Currently, two types of Confluent with EventBridge integrations are available. First, API destinations enable customers to send EventBridge data to Confluent. Second, there's EventBridge Pipes, a fully managed point-to-point integration, and the EventBridge Kafka Connector, both of which sink data from Confluent to events. In this blog post, we will primarily focus on the API destinations integration. Additionally, we will discuss how to set up the integration with EventBridge Pipes and the connector, using Confluent Cloud as a source.

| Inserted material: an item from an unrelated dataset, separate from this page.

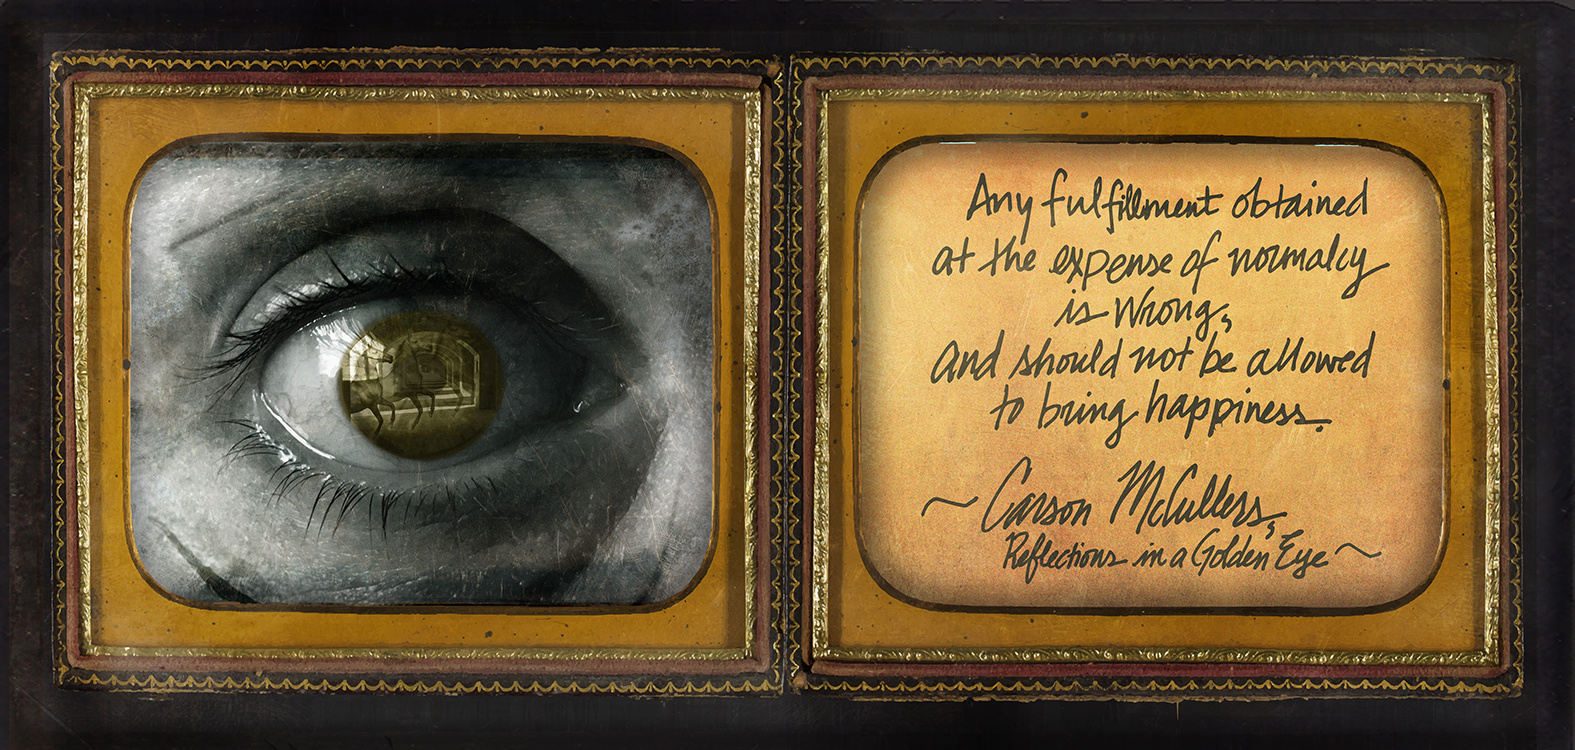 Southern Gothic Daguerreotype of Carson McCullers' "Reflections in a Golden Eye"

Confluent and EventBridge are similar but serve different use cases. Confluent Cloud is a complete data streaming platform designed for managing and processing real-time data streams at scale. Confluent provides advanced features like stream processing, schema management, and connectors for integrating with various data sources and sinks, making it a versatile choice for building event-driven architectures in multi-cloud or hybrid environments. It is the ideal choice for high-throughput and low-latency use cases with complex real-time event processing needs. For instance, Confluent offers a p99 end-to-end latency of sub-100 milliseconds for GBps+ or tens of millions of events per second. Moreover, organizations can leverage over 120 pre-built connectors provided by Confluent to seamlessly stream data to and from virtually any data store on AWS.
EventBridge is an event router that connects various AWS and third-party services. It also offers EventBridge Pipes for point-to-point integrations and EventBridge Scheduler, a serverless task scheduler that simplifies creating, executing, and managing millions of schedules across AWS services without the need to provision or manage underlying infrastructure. Over 160 AWS services produce operational and management events routed through EventBridge. Furthermore, EventBridge supports events from over 30 third-party services. Integrating the Confluent data streaming platform with EventBridge allows organizations to unlock value from all of these data sources in real time.
By integrating both services together we can unlock numerous use cases, with one prominent example being real-time analysis of AWS CloudTrail events. This enables organizations to capture and process CloudTrail events in real time for various use cases such as security monitoring, compliance auditing, and operational analysis. Doing so allows for rapid detection of malicious behavior and prevents any potential damage before it occurs.
API destinations are HTTP endpoints that you can invoke as the target for EventBridge. In the case of integration with Confluent, this involves utilizing Confluent's Produce REST API to transmit data from EventBridge to Confluent seamlessly. This allows customers to leverage Confluent’s rich set of tools to stream, process, and analyze data in real time.
In this scenario, AWS CloudTrail events are routed to EventBridge, which in turn forwards them to a public Confluent Cloud cluster hosted on AWS. Subsequently, Confluent Cloud for Apache Flink® is leveraged for real-time detection of any abnormal activity. Detected anomalies will be sent to a “flagged” topic in Confluent Cloud. In real-world applications, a dedicated consumer will react promptly to these incidents in real time.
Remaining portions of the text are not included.